The song is about a man and a woman, one French and one Flemish. The French and the Flemish, at least at the time the song was written, did not get along. The love pursued by the two people in the song has to overcome cultural prejudices. This prejudice may not rise to the level of the Capulet’s and the Montague’s but it may feel that way to those involved. Love is one of those things that defies reason. It demands a long term commitment from people who often have not thought much or at all about the future and the nature of the commitment they are making. This is true not just of the love a person has for another person but it is also true of the love a person has for ideas, principles, and occupations. We choose our careers, for example, before we fully understand what it will be like to pursue those careers on a daily basis over many years. We embrace a faith before we fully understand how the pressures of daily living will challenge that faith and sow seeds of doubt.

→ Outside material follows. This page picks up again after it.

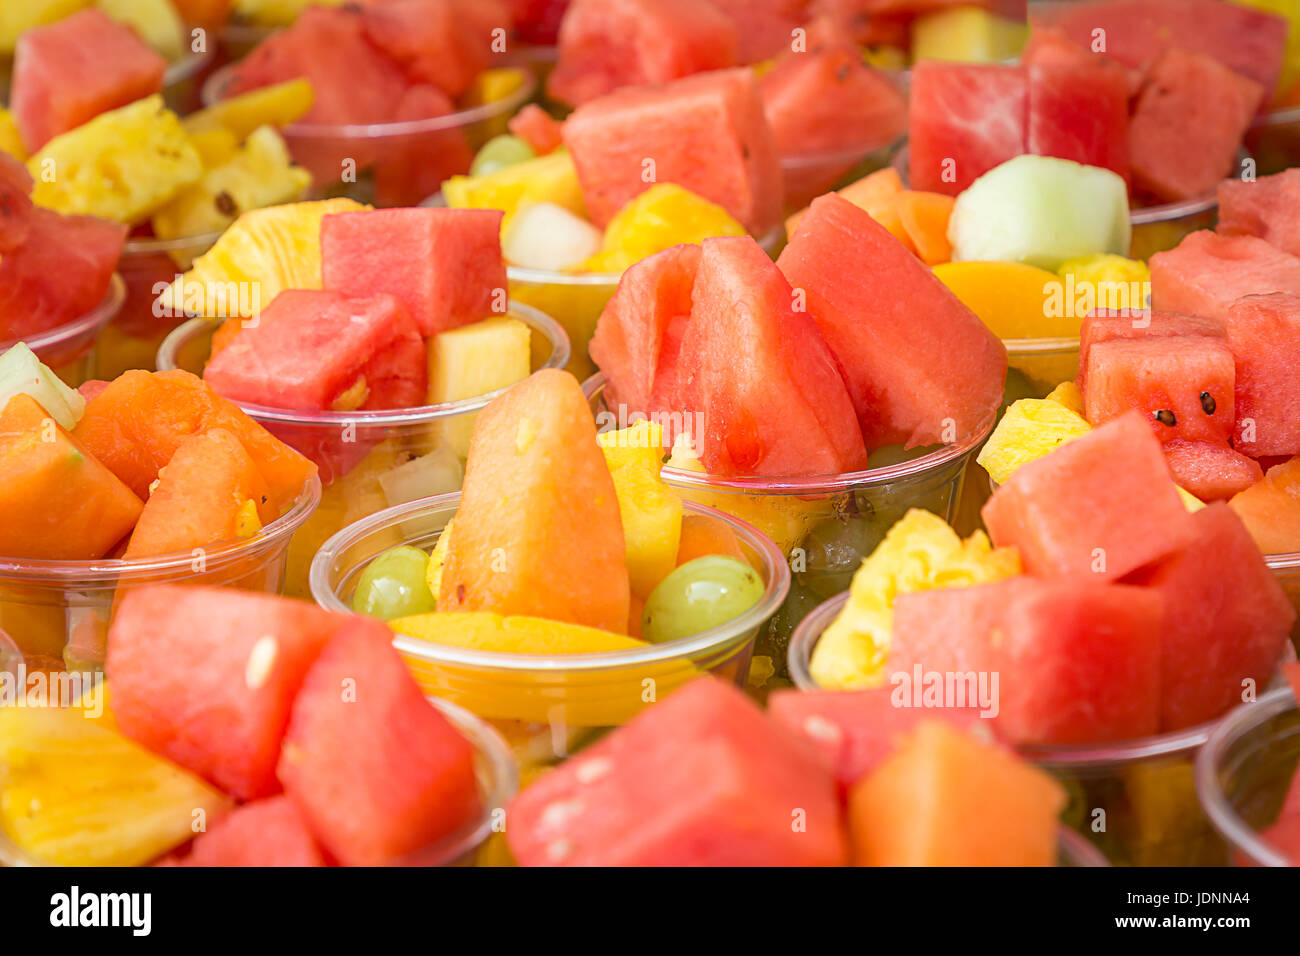 https://c8.alamy.com/comp/JDNNA4/a-variety-of-freshly-chopped-fruits-for-sale-in-cartons-at-the-cheshire-JDNNA4.jpg

As an educator I must care about those who care very little for that which nurtures me and is the focus of my work. And there is little comfort looking backwards. In the 16th century Robert Burton wrote of schoolteachers, “For what course shall he take (the learned man), being now capable and ready? The most parable and easy, and about which many are employed, is to teach a school, turn lecturer or curate, and for that he shall have falconer’s wages, ten pounds per annum, and his diet, or some small stipend, so long as he can please his patron or the parish; if they approve him not (for usually they do but a year or two), as inconstant as they that cried “Hosanna” one day and “Crucify him” the other; serving-man like, he must go look a new master; if they do what is his reward? At last thy snow-white age in suburb schools / Shall toil in teaching boys their grammar rules.” Things have improved, I suppose, tenure means a bit more job security, though there are those that would seek to take tenure away. But at the end of the day there is the belief, against all odds, that most will learn, and that some will find a similar vocation, or if not a vocation, will find a similar ardor for a beautiful thing and a the subtleties of language.

According to the article the one aspect of success that is under our control is the number of chances we take. I think that many things that we think of as being difficult are only unfamiliar. That means the more chances we take the sooner the unfamiliar will become familiar and with familiarity comes a degree of success. For a teacher last year’s success will not always guarantee success in the new year. Like the chess player the strategy and the plan must adapt to a different combination of moves and counter moves. Every year is new and unfamiliar. Each year must find its own road from failure to success or something resembling success. This process is difficult and it can be disheartening. But as Tom Hanks said in a movie about young women playing baseball “there is no crying in baseball” and “if it was easy, everyone would do it.” The classroom is an exuberant place and it is a thing of beauty.